Do you want to equip the social sciences for the looming AI revolution in academic literature exploration by investigating the best AI model for ASReview? If so, apply for this PhD position! This position is part of the bigger project “Transparent and Reproducible AI-aided Systematic Reviewing for the Social Sciences (TRASS)”.
Wat ga je doen? The rapidly evolving field of AI offers promising solutions to the literature screening challenge using machine learning models, like active learning, and, very recently, large language models (LLMs). However, many of these AI-driven solutions emerge from tech companies that publish new models at an unprecedented rate. The rapidity of advancements in the field of AI outpaces meticulous scientific evaluations, leaving many methods unrefined and unproven. The challenge is twofold: keeping pace with these relentless innovations while collaboratively forging a comprehensive understanding of their strengths and limitations.

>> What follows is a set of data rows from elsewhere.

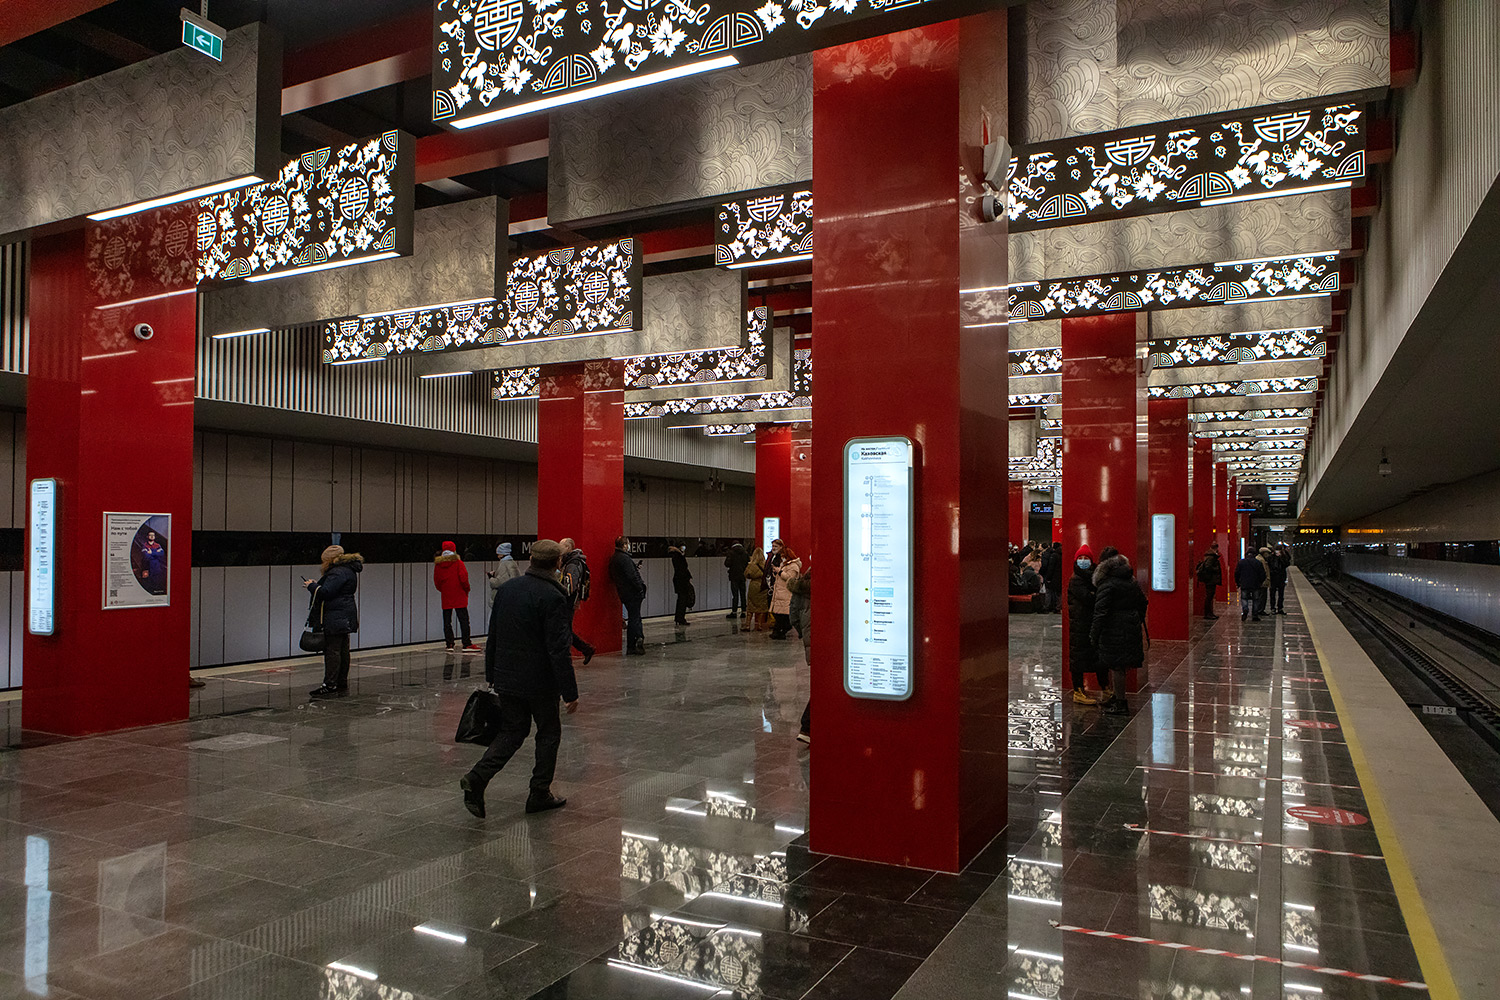 Москва — Метрополитен — [11] Большая Кольцевая линия; Москва — Открытие новых станций БКЛ на участке «Мнёвники» — «Каховская» 7 декабря 2021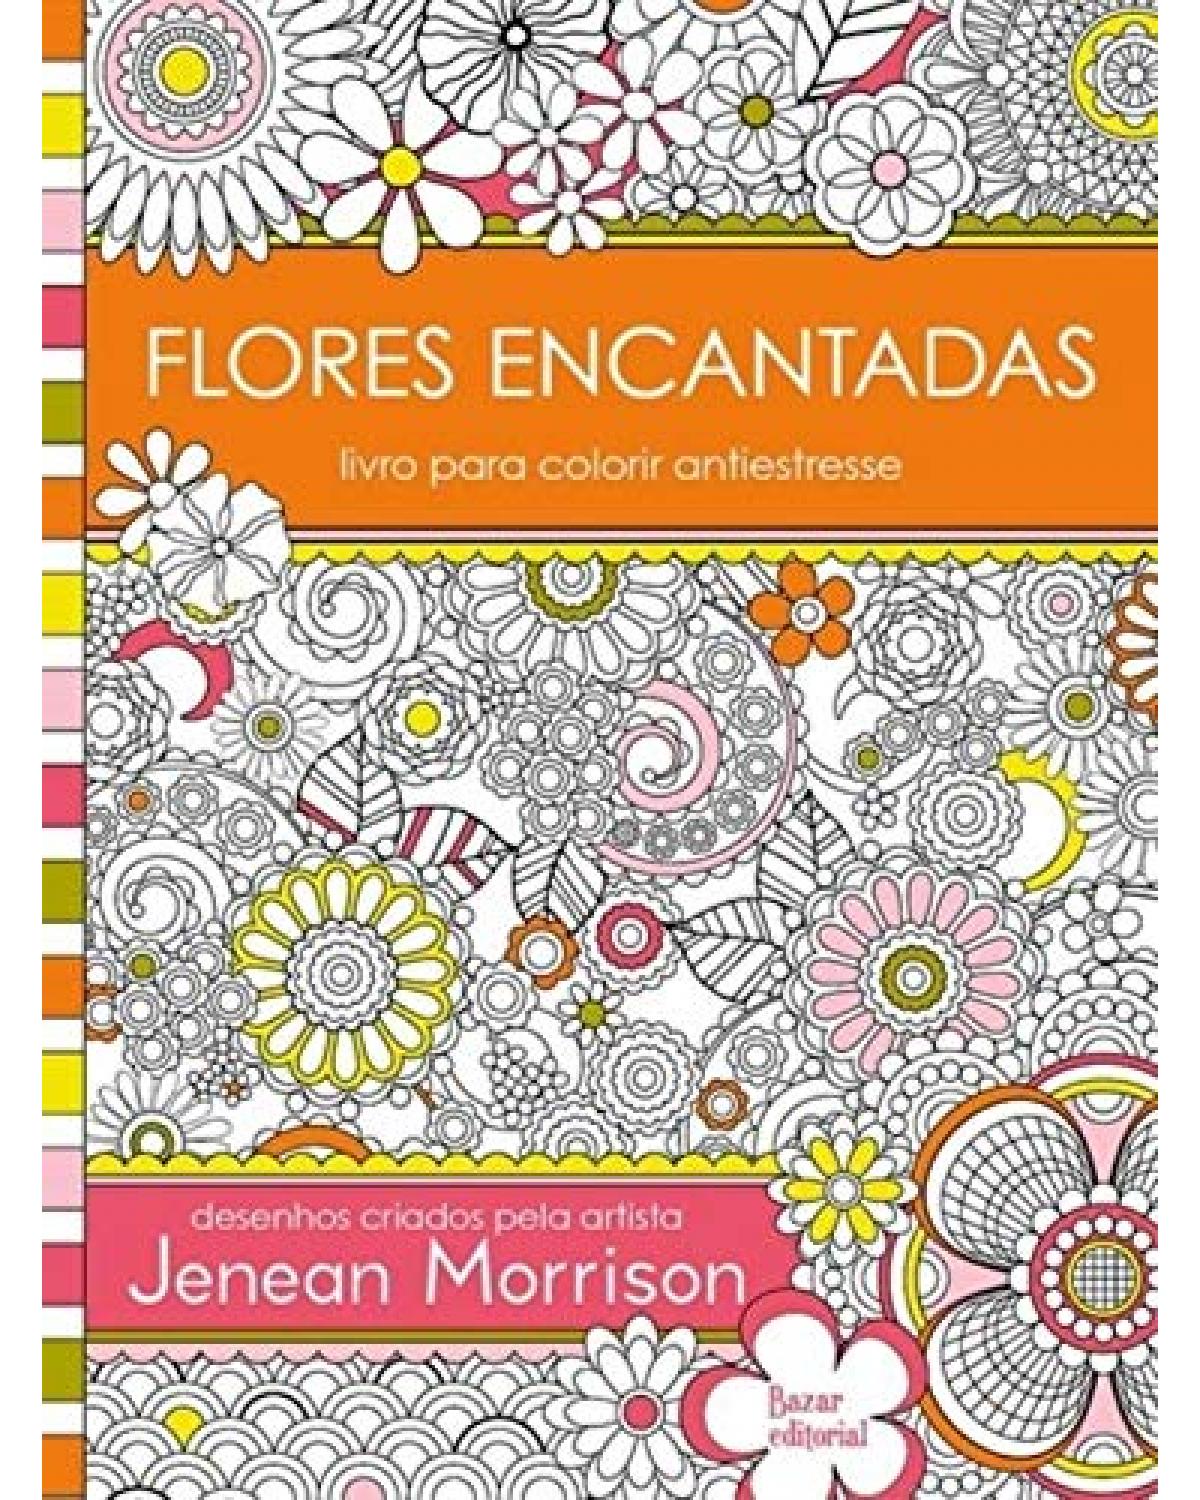 Flores encantadas: Livro para colorir antiestresse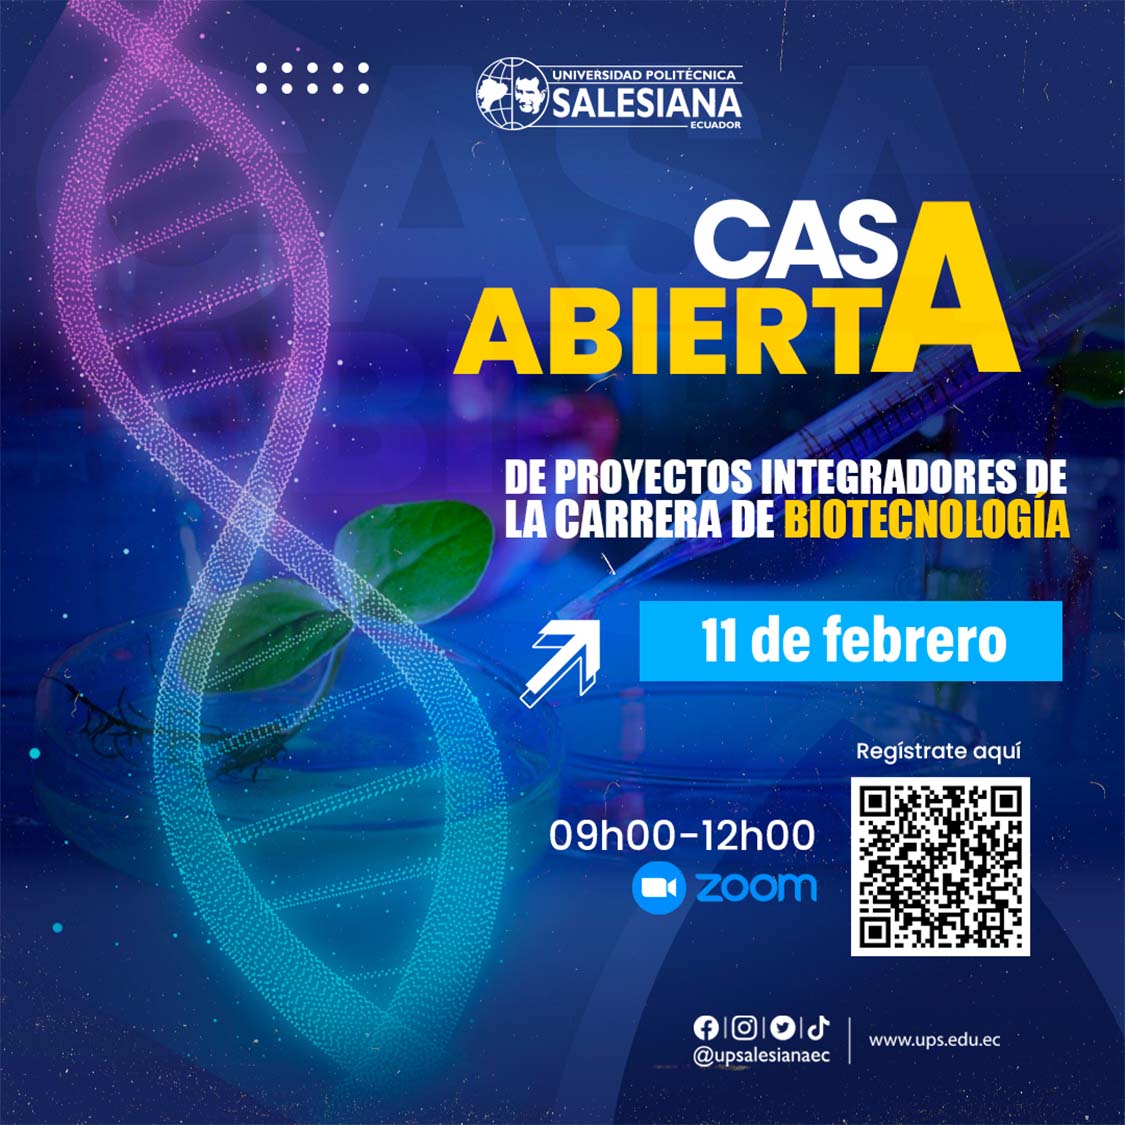 Afiche promocional del la Casa abierta de proyectos integradores de la carrera de Biotecnología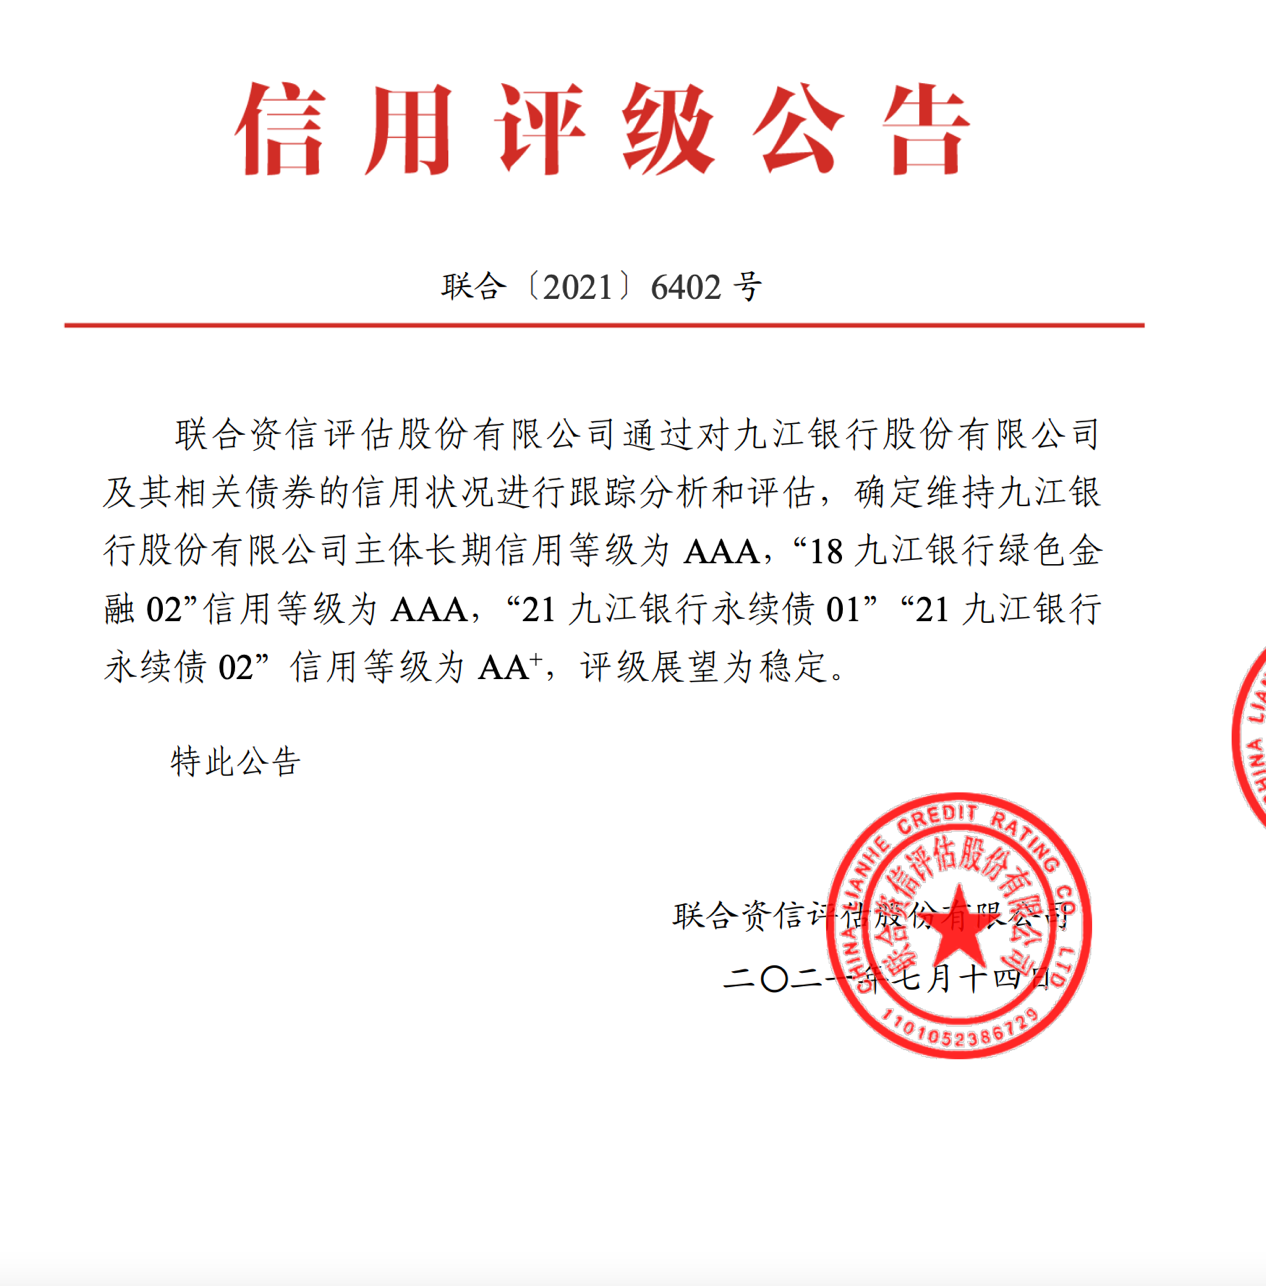 自2019年以来九江银行主体信用连续三年被评为AAA级

In the evolving landscape of AI-aided systematic tools (like
ASReview), we need to explore which AI model can best be used for which type of data. For instance, while the active learning model (ALM) can facilitate literature screening by presenting the most likely relevant record, the human still needs to make the final labeling decision. In contrast, an LLM can directly generate such labels with explanations, without human input. This project envisions a collaborative approach that leverages the strengths of both humans and different artificial intelligence solutions in systematic screening.
You will be responsible for carrying out several high-quality simulation studies combining ALM/LLMs and testing the performance on 500+ labeled datasets.